Every year, trillions are invested in research funding globally that propels scientific advancements. But where does that funding truly end up? Researchers have developed an innovative machine learning AI instrument known as Funding the Frontier (FtF) that charts the influence of research grants on publications, patents, policy-making, clinical trials, and even media coverage – offering insight into how funding genuinely influences science and society.
Although studies have emphasized the critical role of science funding, they primarily focus on grants and scholarly articles, leaving other forms of impact less examined.

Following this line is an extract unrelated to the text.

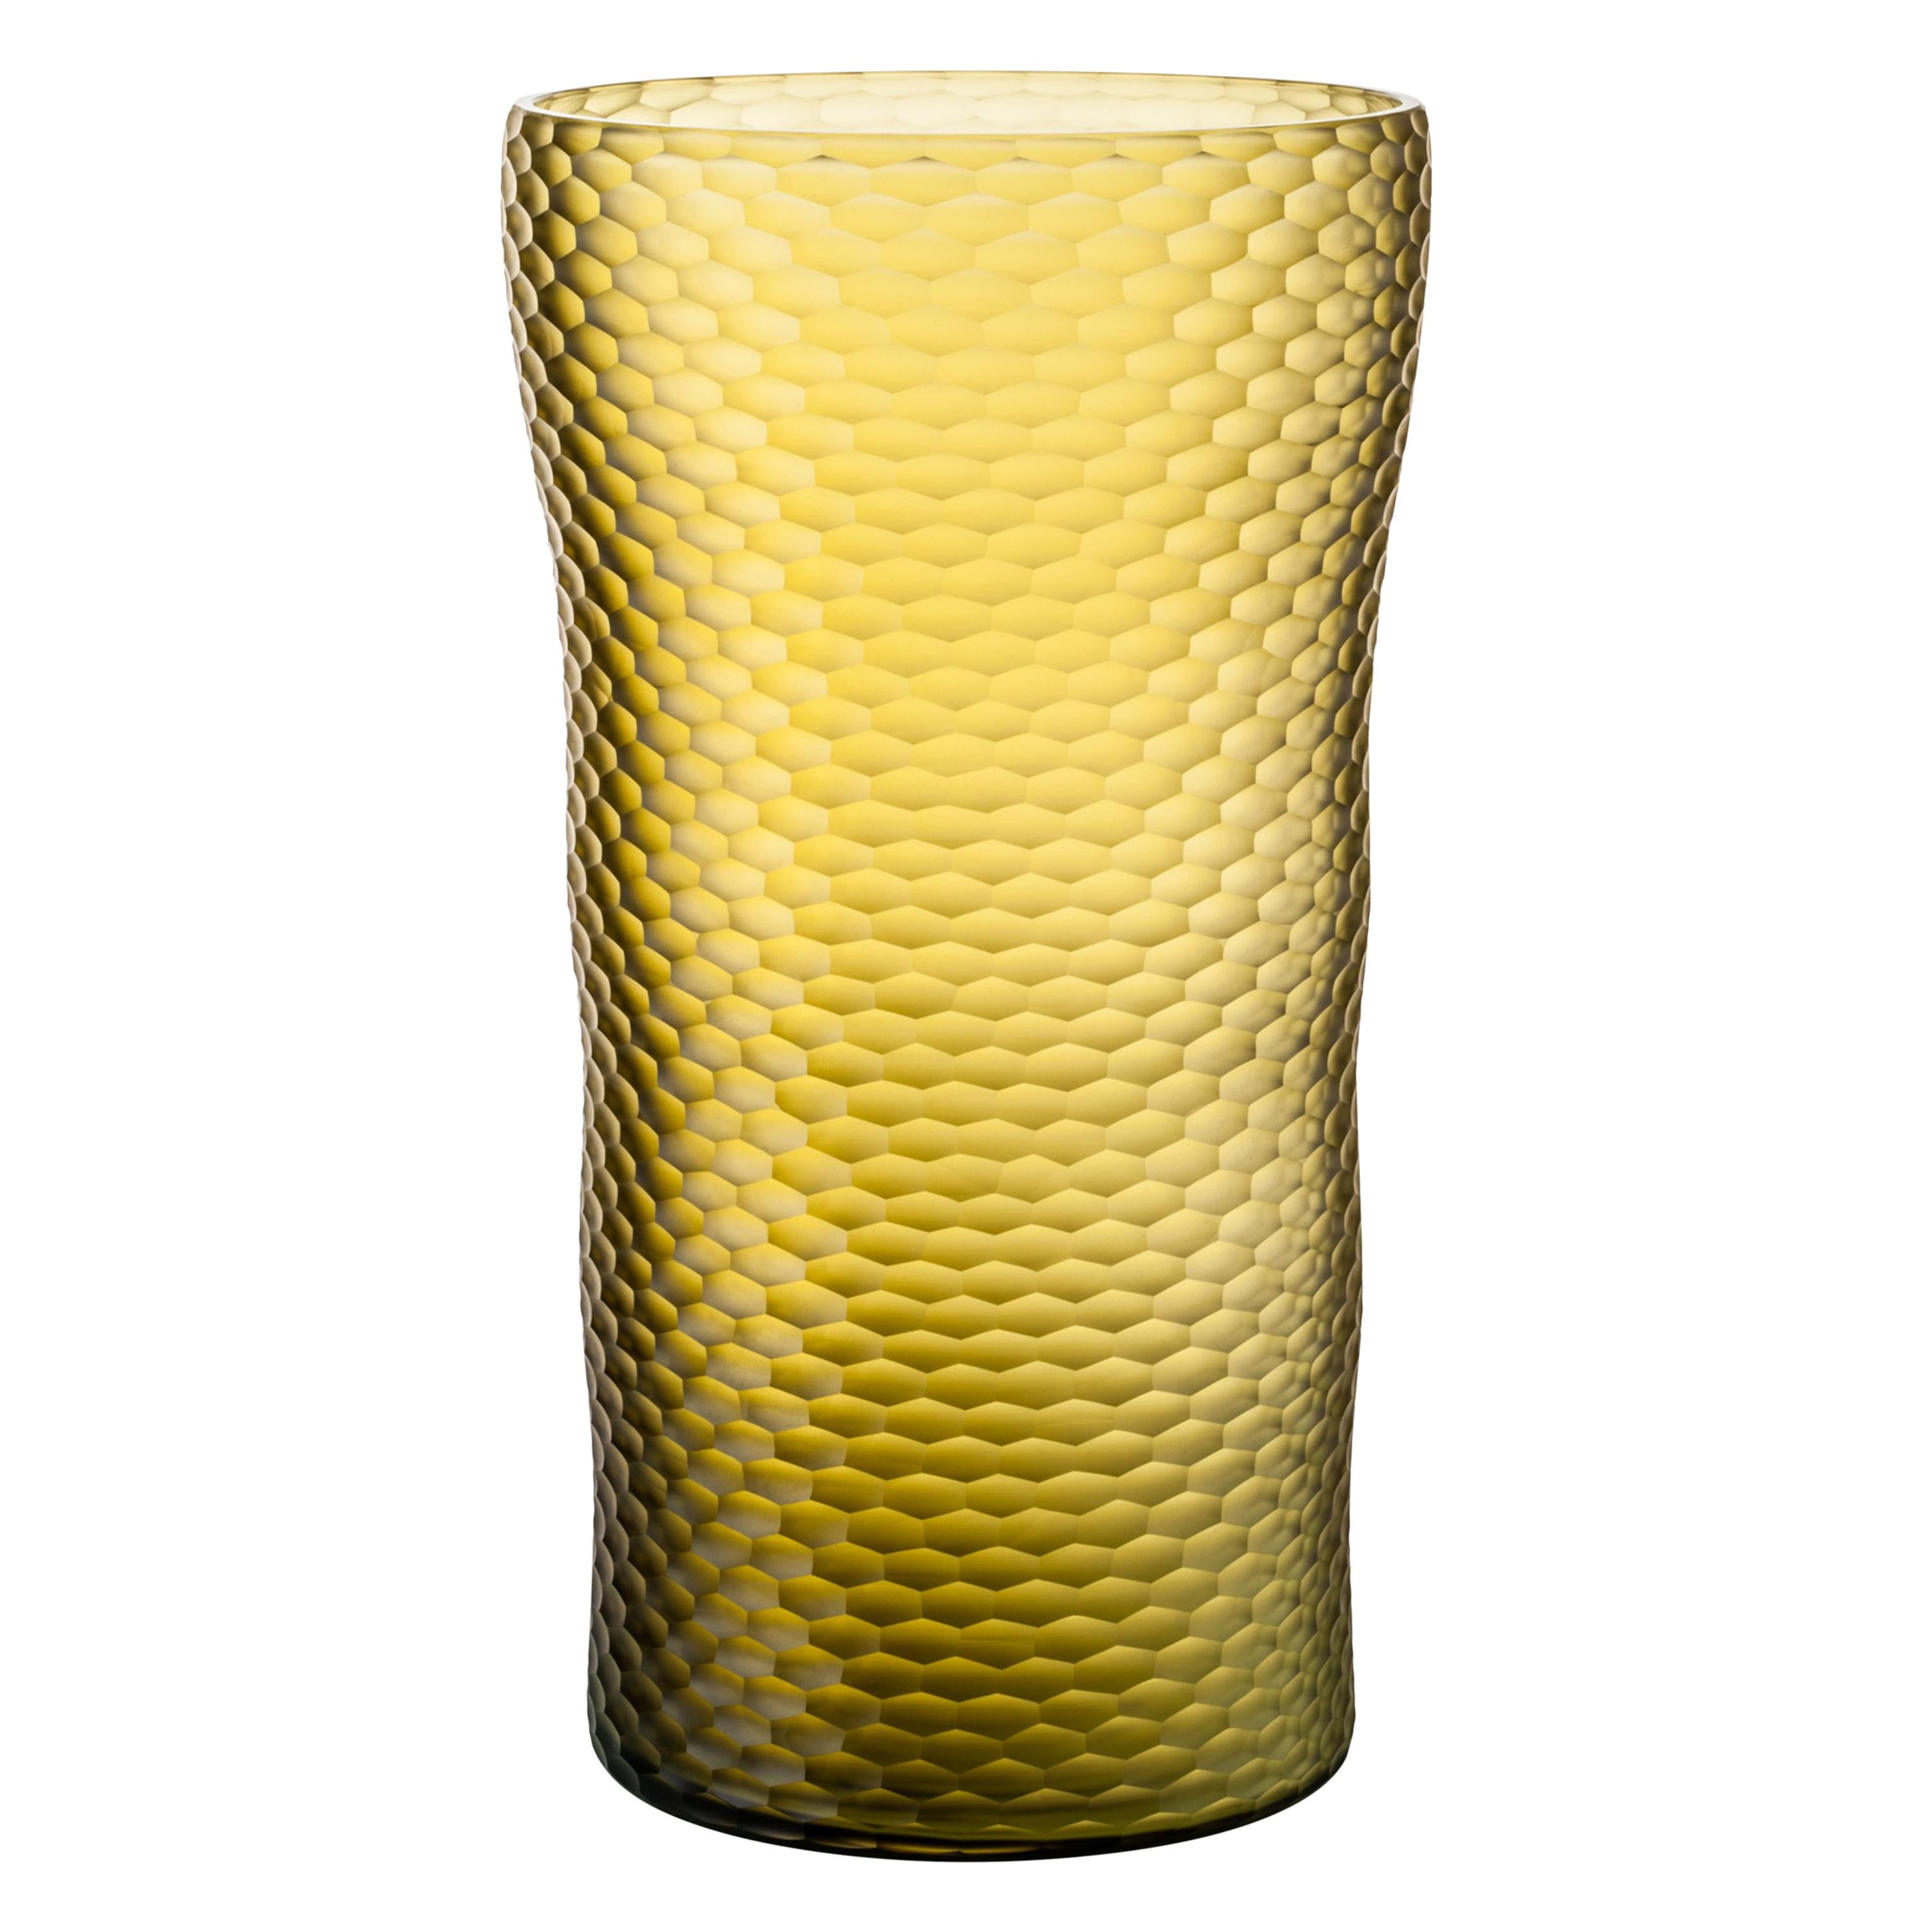 Venini Battuto A Nido D’ape Glass Vase in Straw Yellow by Carlo Scarpa

FtF aims to assist funders, policymakers, university officials, and researchers in understanding the larger context by illustrating how science transitions from funding to innovation in a knowledgeable and transparent manner, as detailed in a preprint yet to undergo peer review.

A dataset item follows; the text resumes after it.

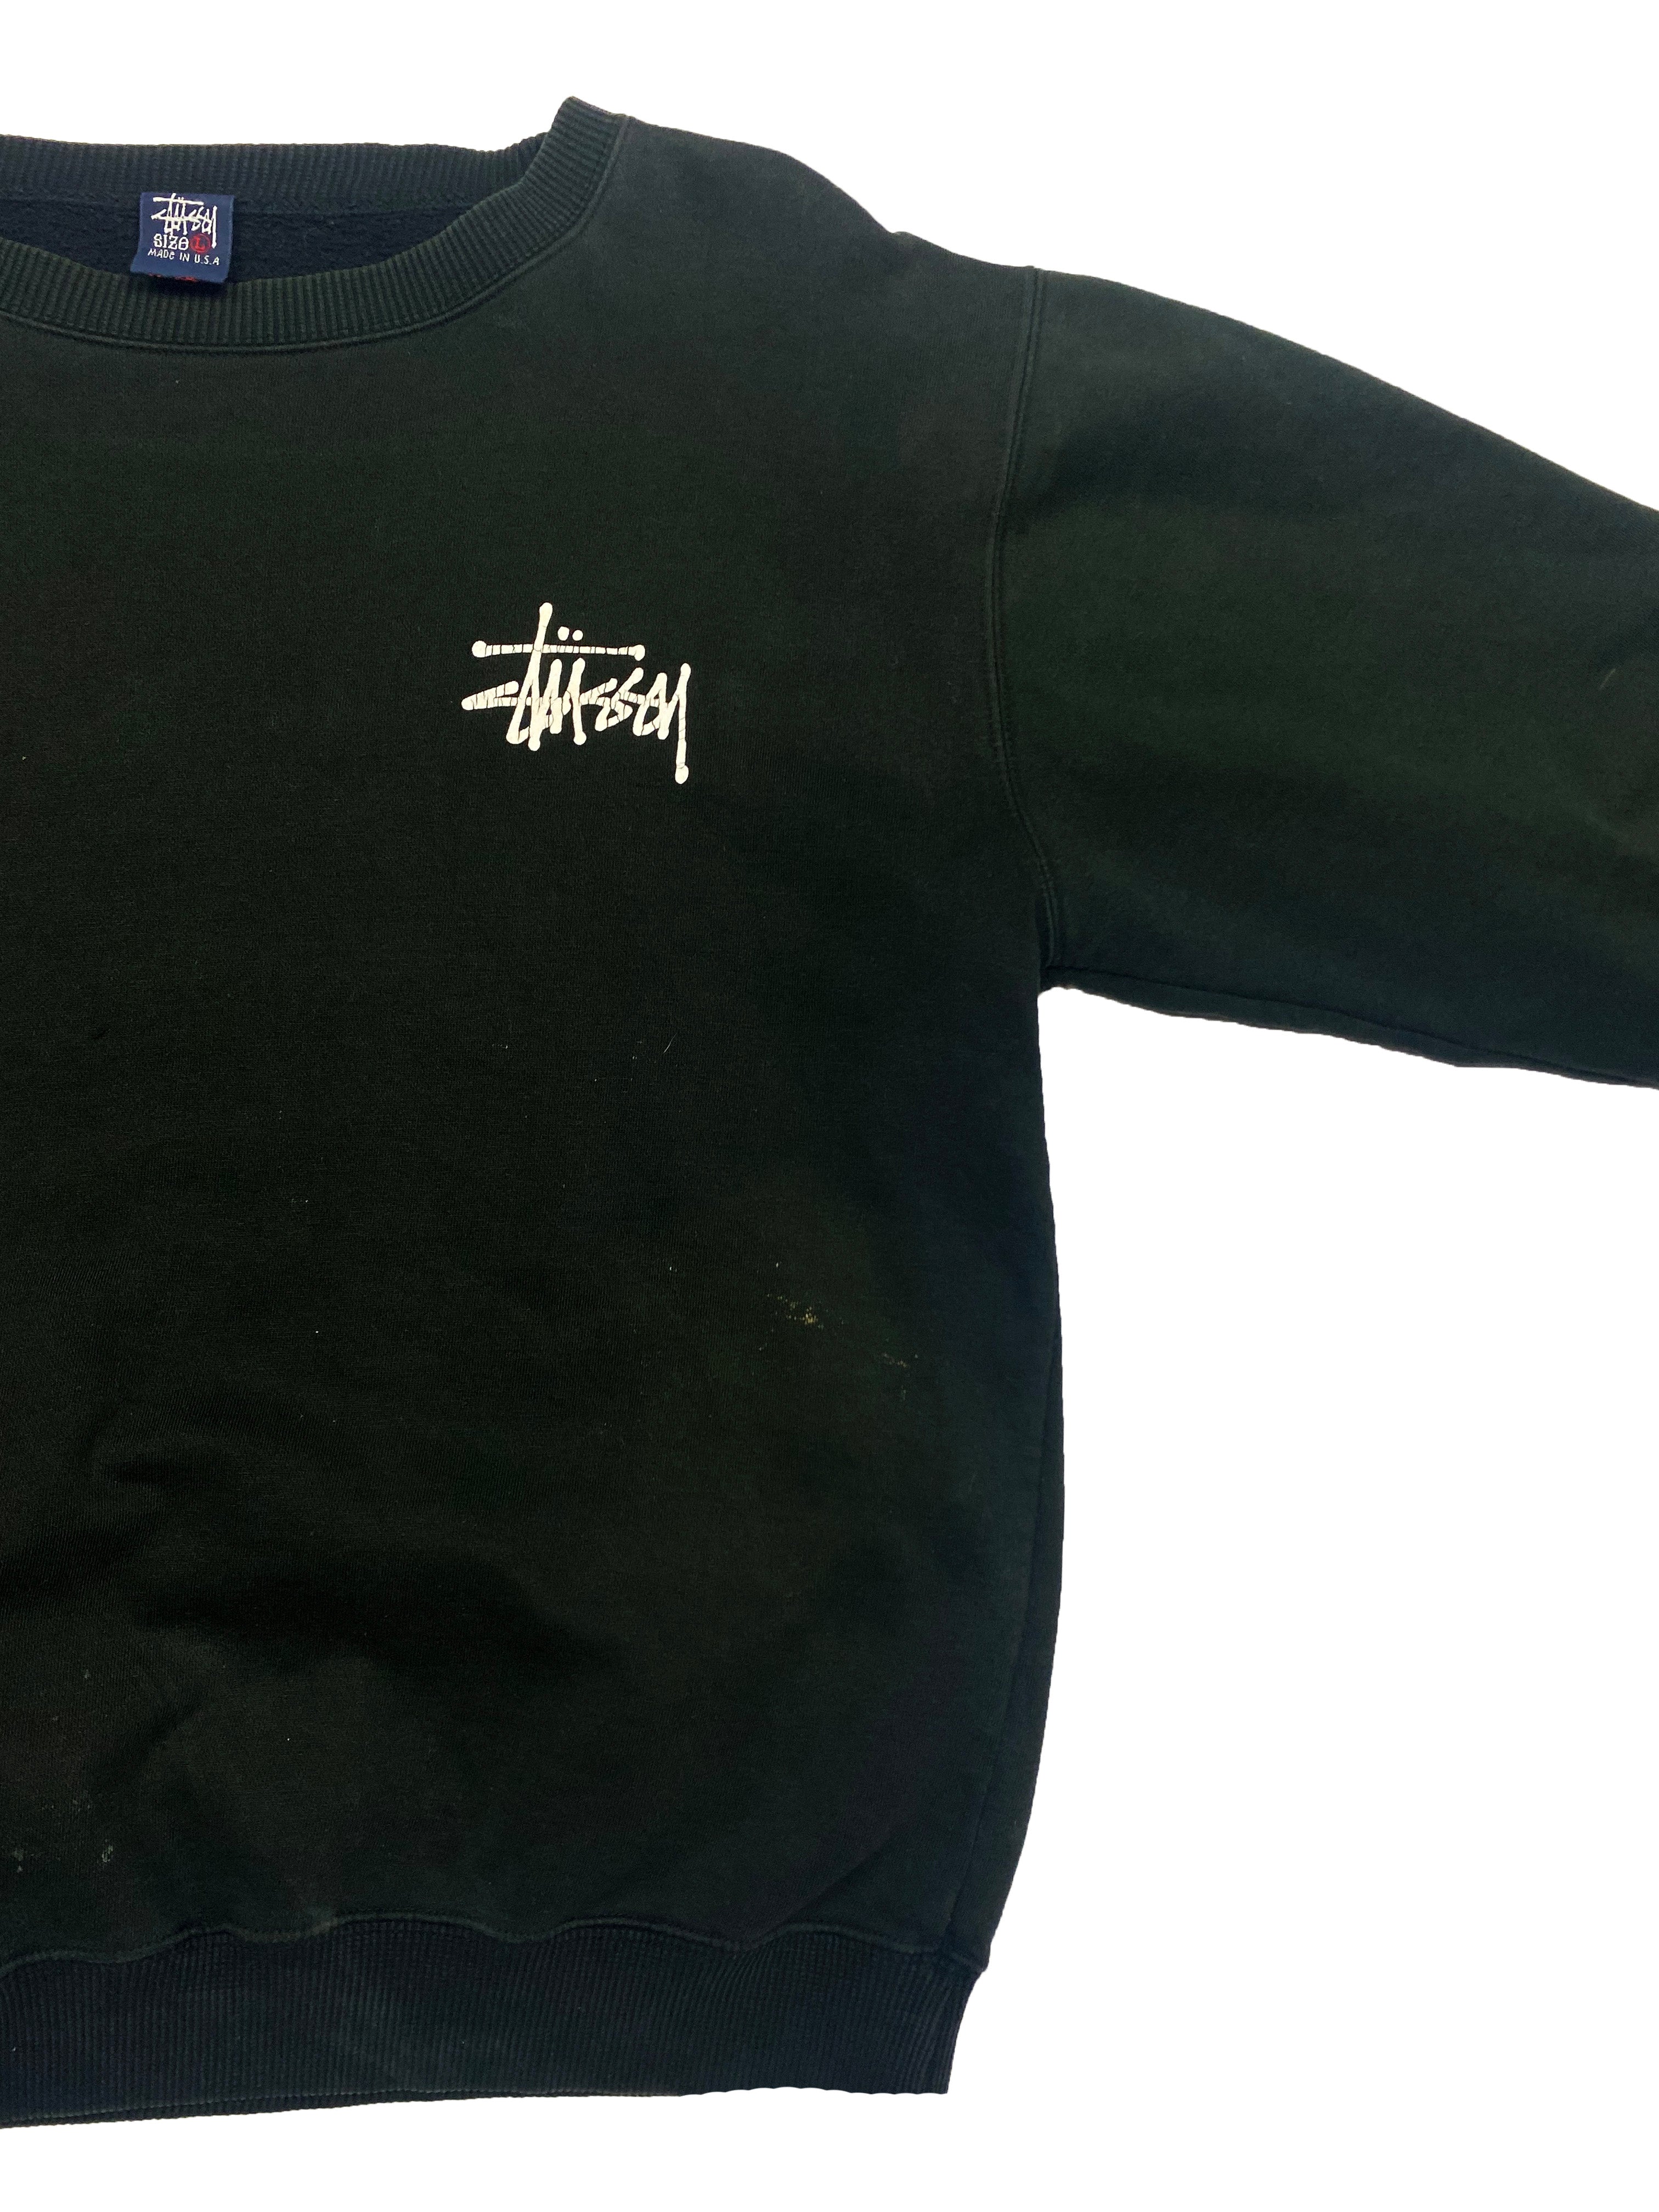 Stussy Black Dragon Sweatshirt 90's

Utilizing one of the largest datasets of its kind compiled from global sources such as Dimensions, SciSciNet, and Altmetric, FtF links over 7 million research grants to 140 million scientific articles, 160 million patents, 10.9 million policy documents, 800,000 clinical trials, and 5.8 million news pieces – all interconnected through 1.8 billion citation linkages.
“FtF was developed through close collaboration with practical decision-makers,” states lead author Yifang Wang from Florida State University. “[It] could catalyze a transition … to a thorough, multidimensional perspective on impact. Decision-makers could observe not just which projects yield papers but also which foster innovation, policy change, health advancements, or public awareness.”
“FtF additionally visualizes funding allocation across various levels: by discipline, institution, gender, and career stage, enabling users to identify who receives funding and where potential disparities may lie,” she notes.
This innovation could transform funding decisions by emphasizing high-impact research and improving the prediction of future prospects. “[It is] an ambitious and commendable effort to integrate and synthesize a diverse array of data, indicators, and algorithms,” remarks James Wilsdon from University College London, who did not participate in the research. “What distinguishes this from most scientometric studies is the multitude of different elements amalgamated into a single … framework.”
“The primary advantage of the system is an encouraging user interface of the unified data sources that enables users to investigate scientific outcomes, their results, and impacts, appearing to be intuitive,” adds Vincent Traag from Leiden University, also not involved in the research.
Concerns that Funding the Frontier might steer funders toward ‘risk-free’ research
However, critics caution that an excessive reliance on metrics and predictive models could skew funding towards ‘safe’ initiatives and underestimate long-term or exploration-driven science.
“Could there be a danger of research becoming a self-fulfilling cycle if we base decisions on such algorithms?” queries Wilsdon. “Could decision-making become increasingly risk-averse if it relies on historical successes rather than future possibilities?”
Ethicists share this apprehension, warning that using previous achievements as a benchmark for upcoming funding may reinforce existing conditions. “When such a system is employed [to distribute] funding to research that has, historically, produced [impact], the potential issue is that … it might discourage investment in pioneering research that creates new types of impacts [or] disrupts traditional patterns,” comments Philip Brey from the University of Twente in the Netherlands, who was not part of the study. “A significant amount of innovative, groundbreaking, and disruptive research does not immediately yield impact but deserves funding nonetheless.”
AI policy specialists also advise caution regarding uncritical faith in FtF’s outcomes – accepting the results without considering their derivation or the ambiguity surrounding them. Traag argues that we typically scrutinize human-generated decisions more closely; however, it is simpler to accept algorithmic forecasts. “Yet there remains considerable uncertainty in forecasting which grants will produce which impacts … and individuals might place excessive trust in the results,” Traag adds.
Nonetheless, FtF’s forecasts are predicated solely on patterns within grant language, rendering its conclusions inherently incomplete. “This represents a relatively straightforward interpretation of terms into impact without additional and extensive contextual information,” states Traag. “A more advantageous viewpoint would likely involve situating a grant proposal abstract within a broader context, allowing users to explore … how the proposal extends beyond current knowledge.”
The general agreement is that, in real-world decision-making, frameworks like FtF should function solely as supplementary tools rather than dictating results. “These categories of predictive analytics must be approached with care and thoroughly vetted before being embraced and executed by research funders and policymakers,” states Wilsdon.